The Bird Race and Me

February 1, 2007

On Feb 11th, my city is going to have its very first Bangalore Bird Race .

This summons up visions of many of us,dressed in goatee beards,flowing white robes with burnouses, lined up with those thick leather gloves and magnificient-looking, keen-glanced birds of prey, racing them.

It also conjures up fancies of some of us, astride birds with tiny reins and tinier saddles, flying through the air competitively, driving our birds on with worms dangled before their beaks.

Wake up, wake up. This is a bird-watching race, actually. People should form teams of four and they will be given log-books and a checklist containing all the known bird-species of the region; they will go about (charge about?) all day, seeing how many they can see, and come back and file their reports. Obviously the team that has sighted the most bird-species is going to win.

I was full of enthusiasm when I heard about the bird race. I must tell you that at my level of expertise I am sometimes not able to tell the tail of a bird from its head–which the bird sometimes tucks into its wings just to confuse me further. The rules said there must be at least one expert bird-watcher in the team (if an expert birder said he had seen a Forest Wagtail, that would be much more credible than my making the same claim!) This was where I started imitating bird behaviour, scratching my head feathers with my talons, racking my bird brain. How was I going to find an expert bird-watcher?

Of course I know an expert birder. I know SEVERAL expert birders. But the point is, that most of them are likely to be the judges of the bird race, not its participants! They are all seasoned veterans who look into the unfathomable shadows of the trees and announce, “That’s the Chloropsis”. I am not kidding, you non-birding types…there really is such a bird; beginners like me would call it the Leafbird…IF we could ever spot one, that is.

Which brings me to the other reason why I would not be able to get a seasoned birder to be on my team. Obviously, a good birder would want his team members to help him or her spot the most number of birds and win that prize. So who would want to be on the same team with someone who was likely to spot,oh, three birds in as many hours, and be told, gently, that they were the Mynah, the Rock Pigeon, and good old Corvus Splendens?

Another thing about the expert birders is that everyone will be fighting to get them on THEIR teams. What chance would I stand in the melee? None.

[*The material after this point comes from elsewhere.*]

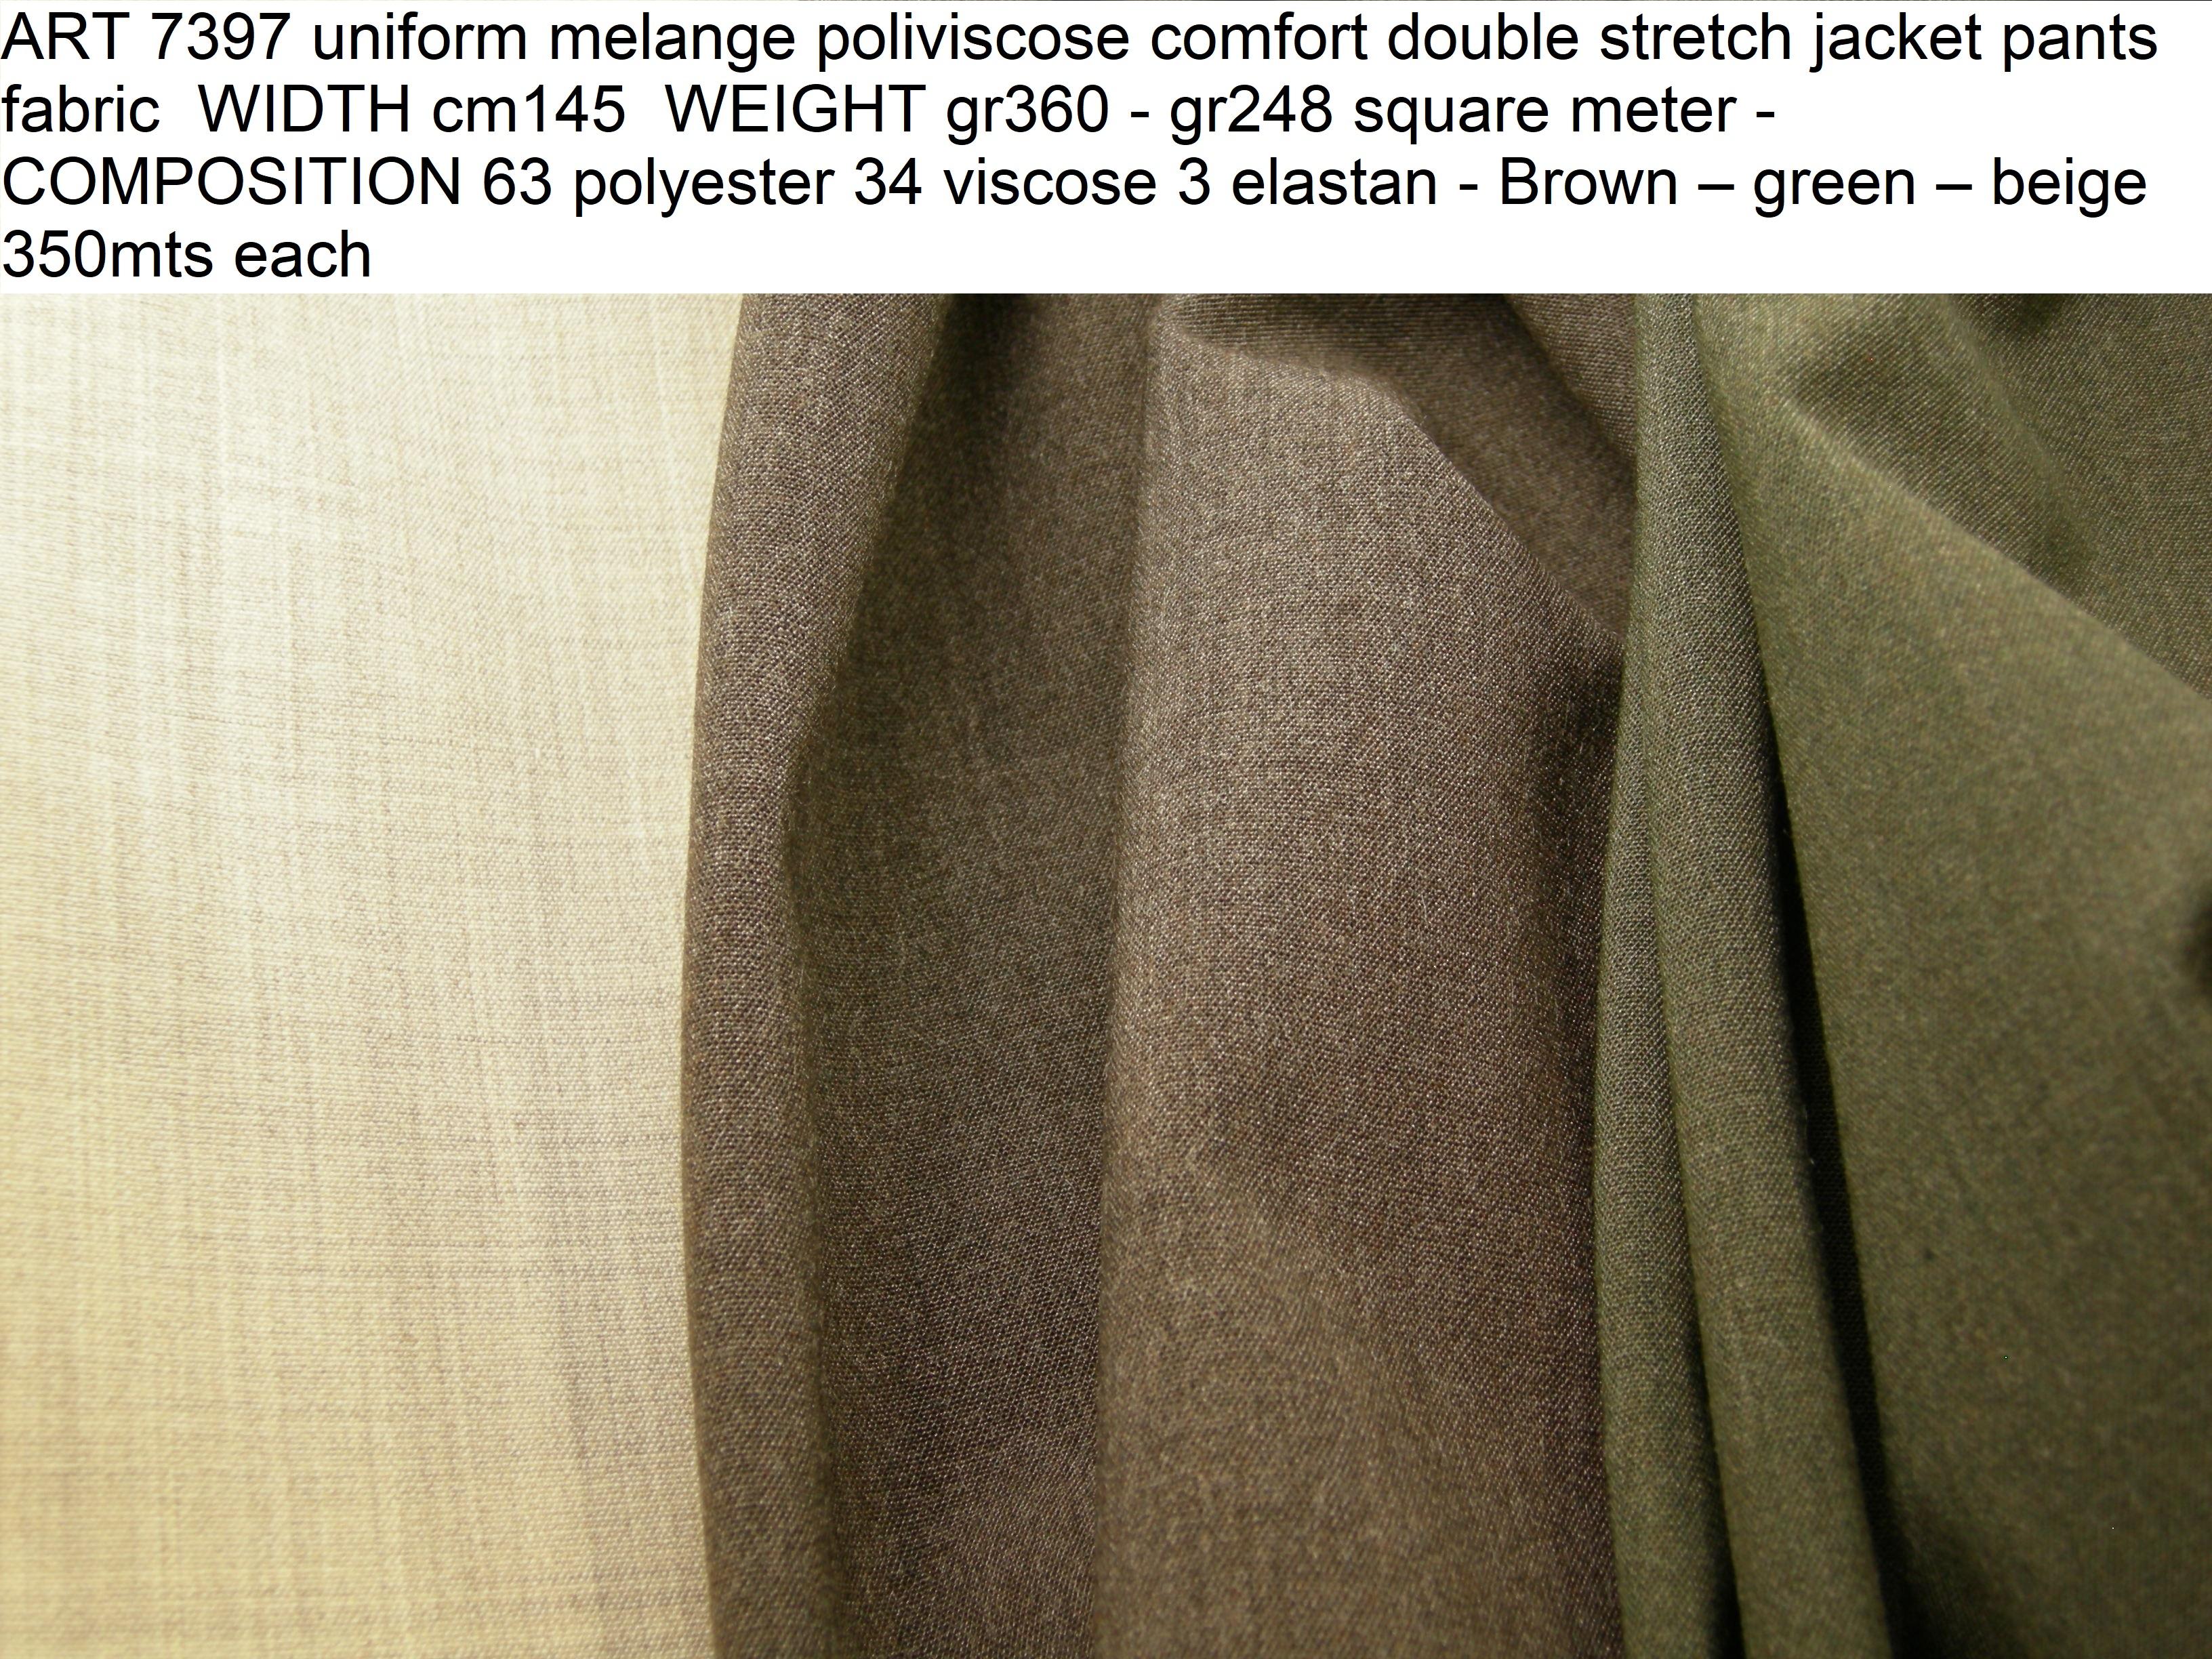 ART 7397 uniform melange poliviscose comfort double stretch jacket pants fabric WIDTH cm145 WEIGHT gr360 - gr248 square meter - Brown green beige 350mts each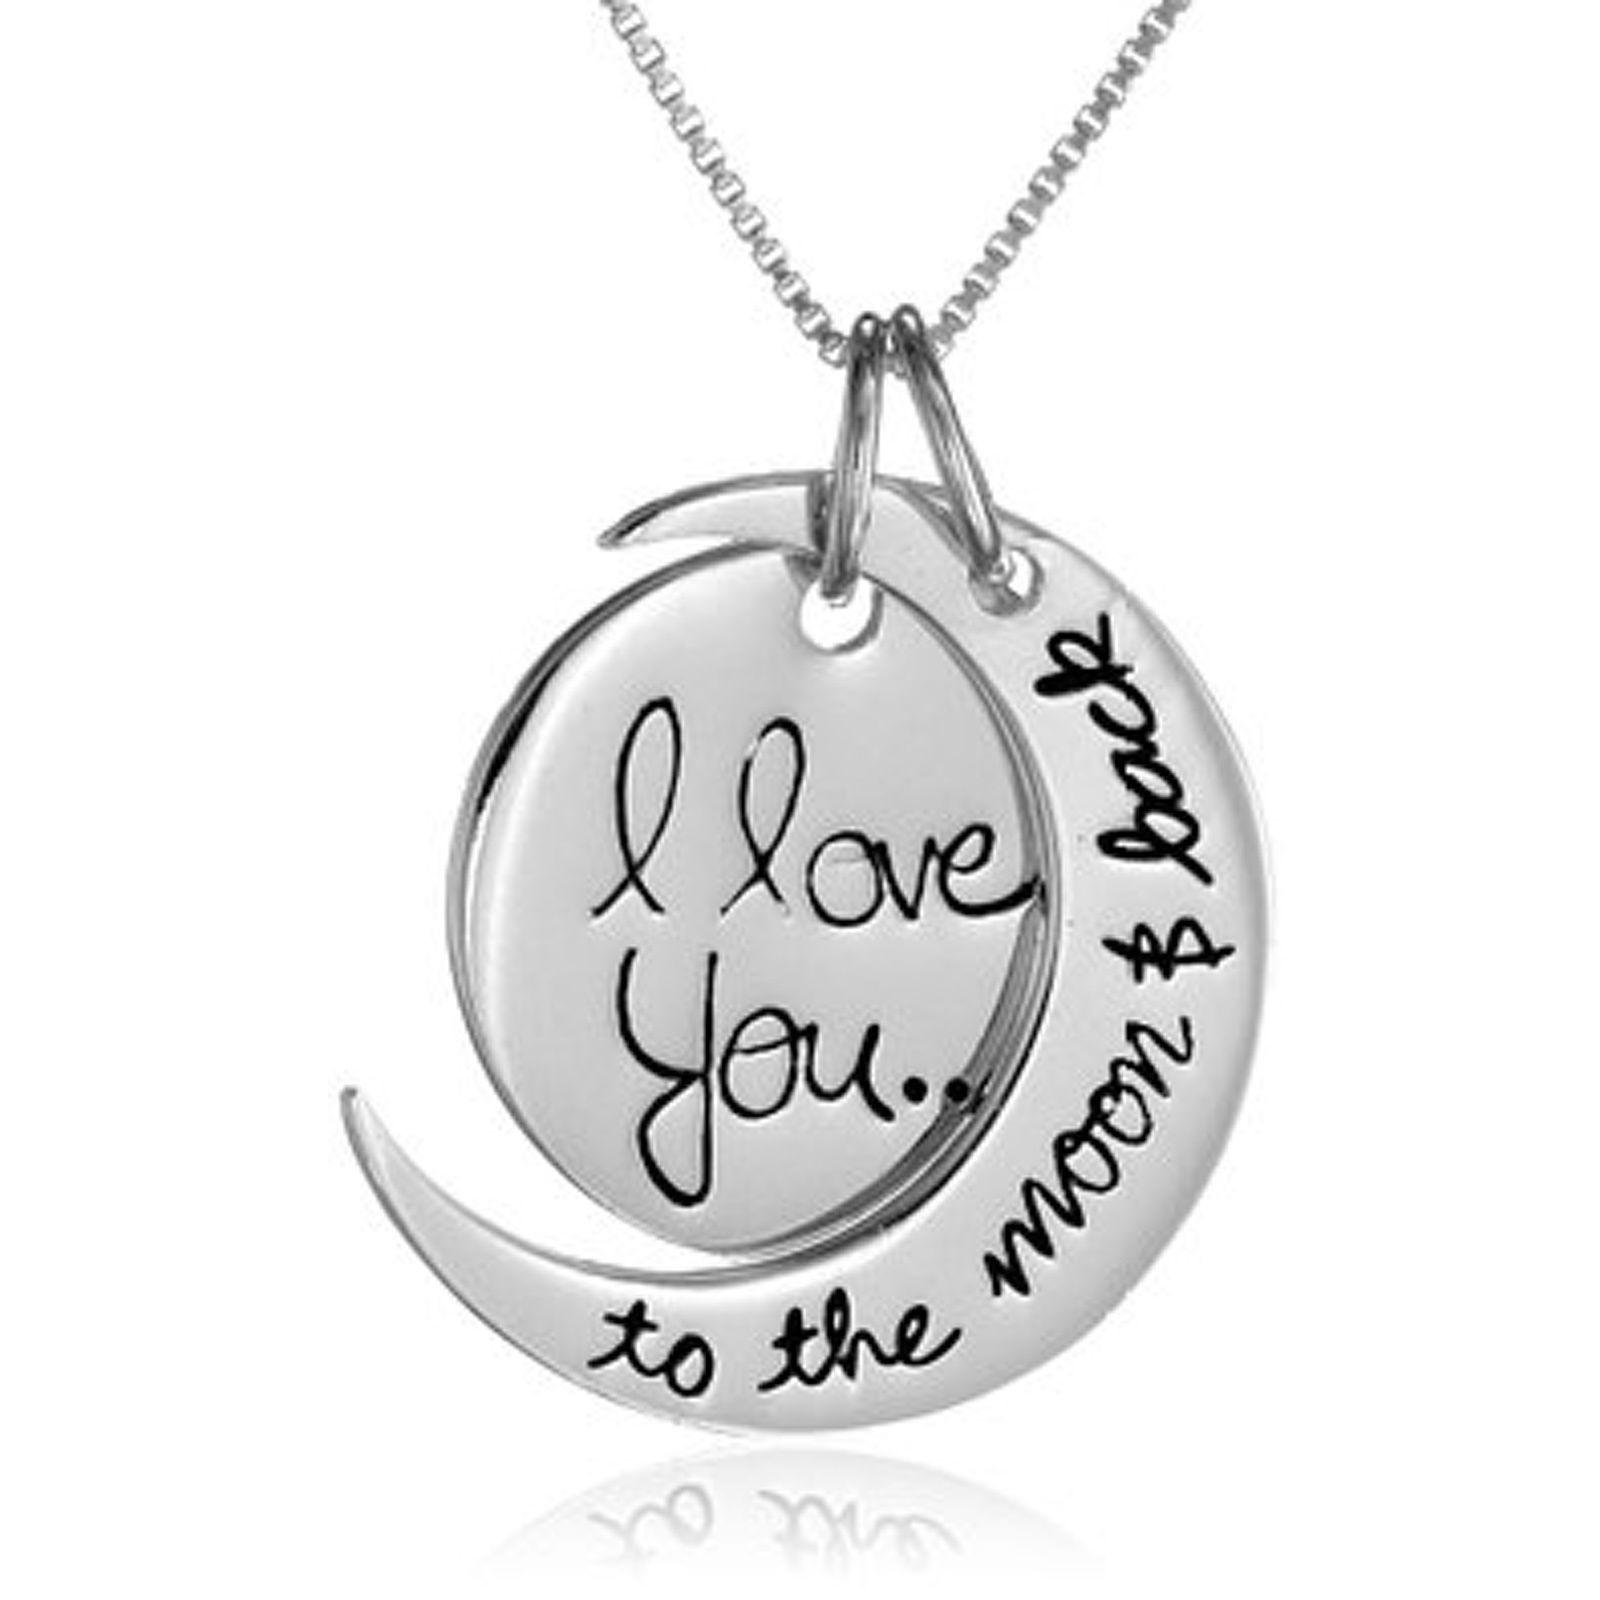 New Romantic Love Gift For Girlfriend Birthday Present Her Women

But I did not despair. I managed to trap three of my kind-hearted birder friends into forming a team with me. It helped that one of them had already registered. He had said, “I have no team-mates. I have no car.” I told him, hey presto, he had these now; the only thing that he didn’t have was an outside chance at even one of the prizes.

Now that I was sure I was going to participate, I started looking at the rules in detail. And I was much struck by one sentence, which said, right after telling me that a checklist of the birds of the region would be provided : “If you see a species which is not on this list, please write it down.”

I know what this is going to lead to. We are going to be the only team, possibly, to have this extra column filled in. I would certainly have mentioned spotting the following:

  1. Arctic Penguin.

  2. The Bald Eagle (well, I did see many of them…some time ago…)

  3. Bird of Paradise. (I definitely saw these in someone’s garden.)

The judges would certainly have something to perk them up from the boring task of collating results, the anecdote would go down in birding history, and be repeated over campfires at every Bird Race…I would be famous!..more likely, the birders will form a hollow square and my wings will be clipped and my name erased forever from all birding records and never spoken again….

But we have plans, never fear. Plan A is of course, to spot as many birds as we can and turn in our log book…but there is the evil Plan B, which is to creep about behind an expert team and as soon as they spot something (they would exclaim its name in excitement) tick it off in our checklist. There is the even more evil plan C where we dig out the field reports from the archives of the local birdwatching society, and tick off everything found on the best of them. (There are, helpfully, several such field reports, which just say, “I went to XYZ Place. I saw…“,and a numbered list of birds follows, the number often going up to 133.) Plan D calls for us to go off on a picnic and join in blithely and shamelessly for the dinner at the end of the evening.

So wish me and my team-mates luck! I am now going to open my birdbook and start swaying to and fro, repeating, monotonously, “Bright-Headed Cisticola (no, that is not a carbonated beverage), Red-Faced Liocichla (not an embarassed Italian),Rufous-Tailed Shark, sorry, Lark”…..

And one more thing, the team that lists the Common Swift or the House Swift of the Asian Palm Swift may not win…because…“the race is not always to the swift”, remember?